2. I've been surprised to learn here that some of Brewster's recruits never made it into school and more than a few others dropped off the team for one reason or another. This can--and, now, should--be factored into the grading of Brewster's classes.

3. In a way, Brewster recruited to Kill's systems. Kill runs a multiple-set offense. Brewster employed over four years three of the elements of a multiple-set offense (spread, pro-set and power running game). I also think--to his considerable credit--Brewster put some of his best recruits on the defensive side of the ball. Mason NEVER did this.

4. Finally, this question will allow highwayman and others to recalculate the ratio between the number of threads I start versus the total number of comments I post. Apparently, that calculation is crucial to the future of Minnesota Gopher football.

Incomplete. We need to first see what effect a real coach has on them.
 

GophersinIowa,
1. What grade do you give?
2. I don't have to post a comment like #4 for regular posters to go off on my posts.

1. I'd give it a C. On paper it's a B but a there's a good amount of the "top talent" that haven't played much or at all at the U. Some was just bad luck (Maresh, Bryant Allen), some were a risk to begin with (Whaley, Lipscomb).
2. But you making those comments doesn't help, that's for sure.
 

How are you wanting these classes judged?

Do you want them judged according to how productive they have been? Or are you trying to make a point about recruiting class rankings of our last four classes to determine what our chances for success might be?
 

Bob,
I guess I'm somewhere in between the two alternatives you suggested. There is no question more is known about the relative performance of the earlier recruits and I think that should be factored into the equation. On the other hand, many of Brewster's recruits have a lot of unknowns about them--just as the 2011 class does.
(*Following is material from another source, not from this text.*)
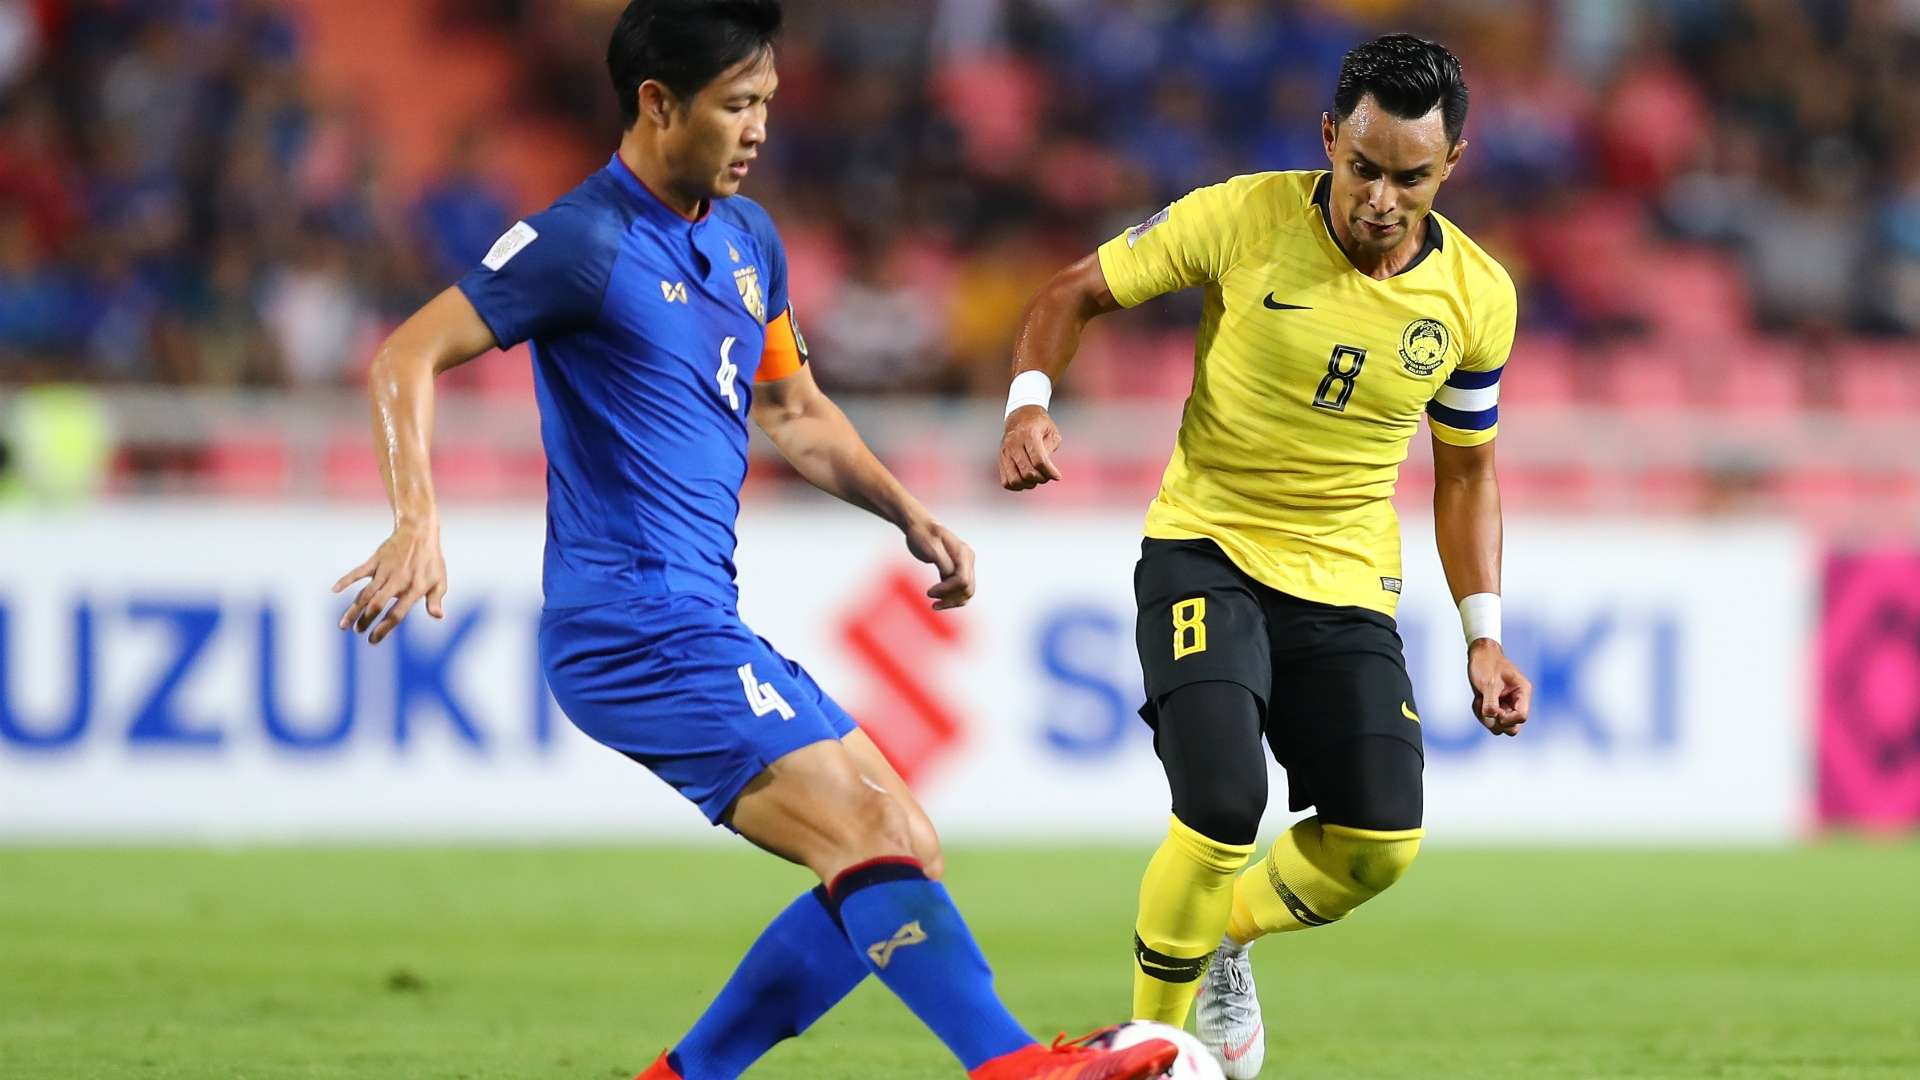 Zaquan Adha, Malaysia, 2018 AFF Suzuki Cup
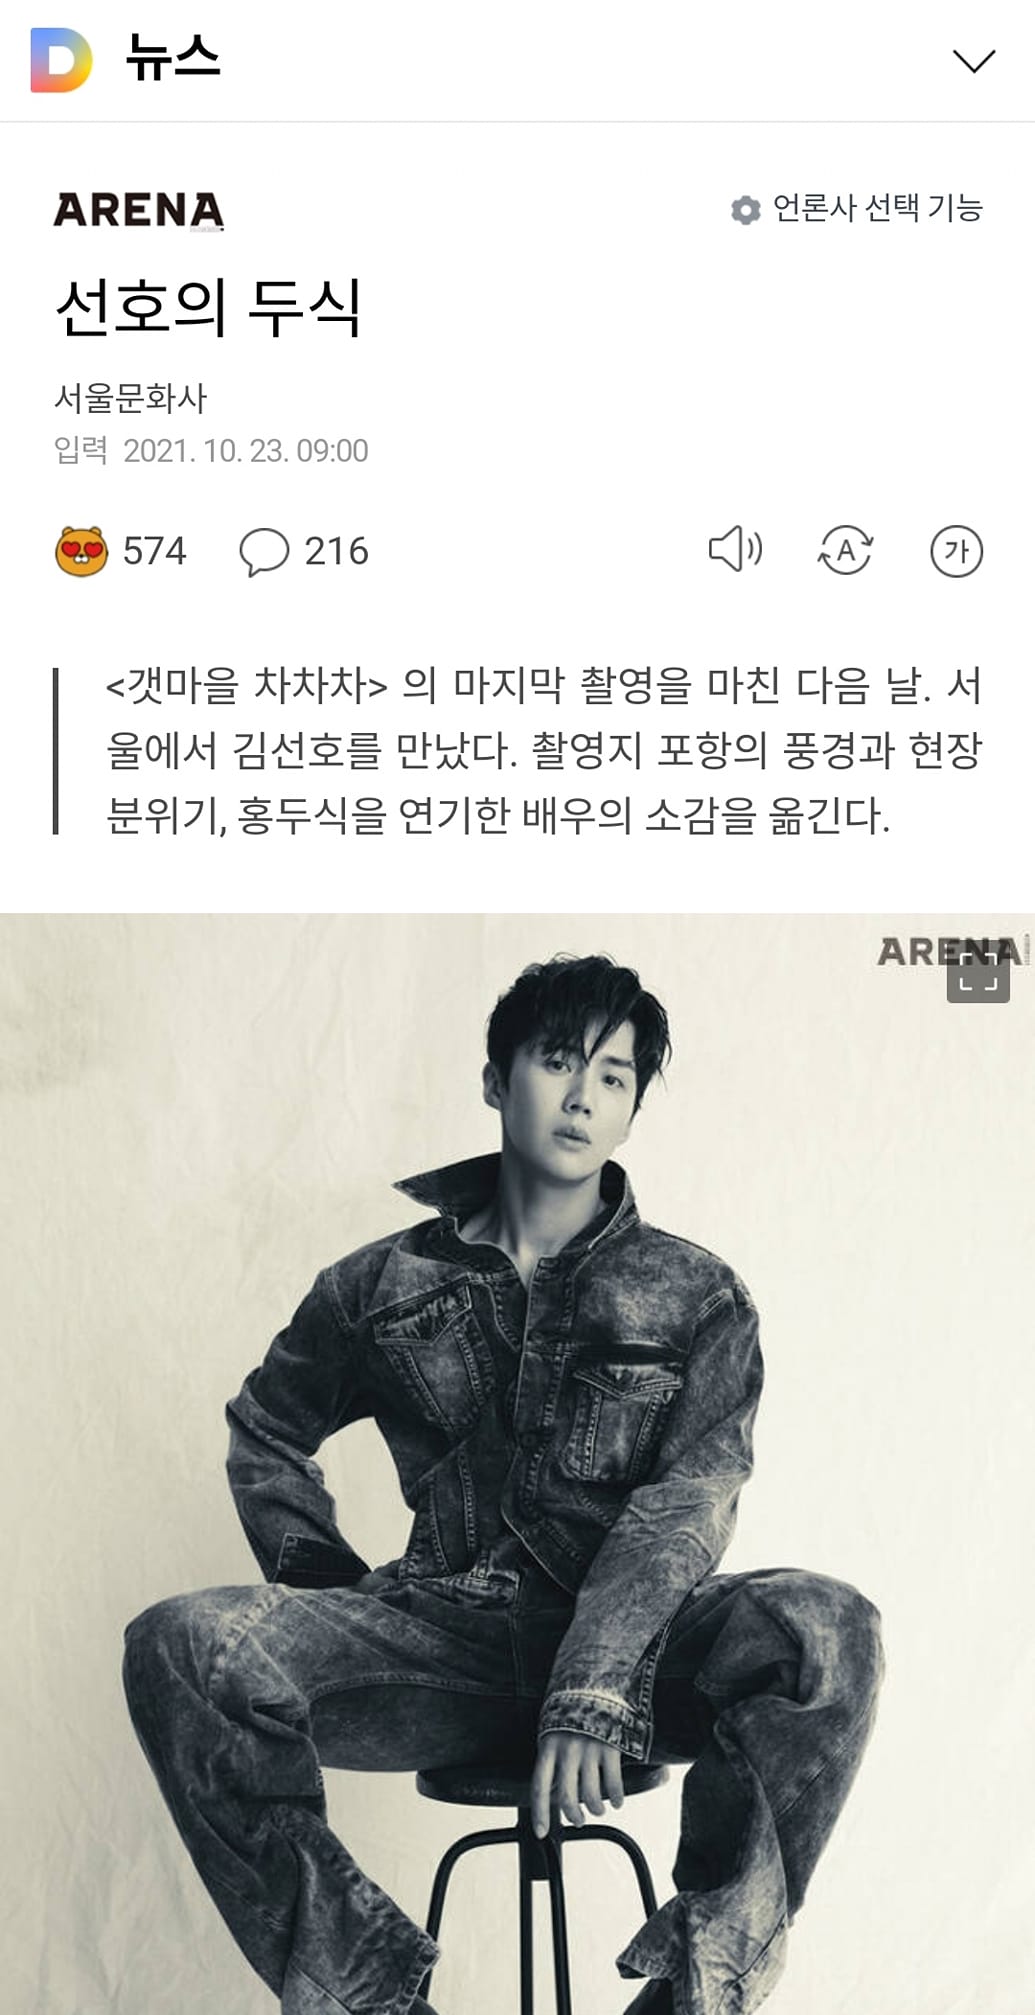 Arena Homme + Korea đăng tải bài phỏng vấn của Kim Seon Ho sau vài ngày Seon Ho lên tiếng thừa nhận cáo buộc.

What I'm trying to get a feel for is how people who've followed the Gophers more closely than I can in Iowa feel about the potential of the players Kill and his staff will have to work with next year. My working assumptions are that Brewster recruited a higher number of quality athletes per year than Mason did. Brewster also put more of his best athletes on the defensive side of the ball. Bud Grant always said, "Defense wins championships." Mason lost a lot of games because his defenses were so terrible.

The reason I gave the four classes a B ranking is that I think Minnesota has athletes that compare to those at schools in the top half of the Big 10. Not the very top teams--especially Ohio State--but closer to Wisconsin and even Iowa than they've been for awhile.

If I'm right--and I have little idea about this, which is why I'm asking the question--and Kill is the coach I think he is, the Gopher could be surprisingly good over the next two or three years.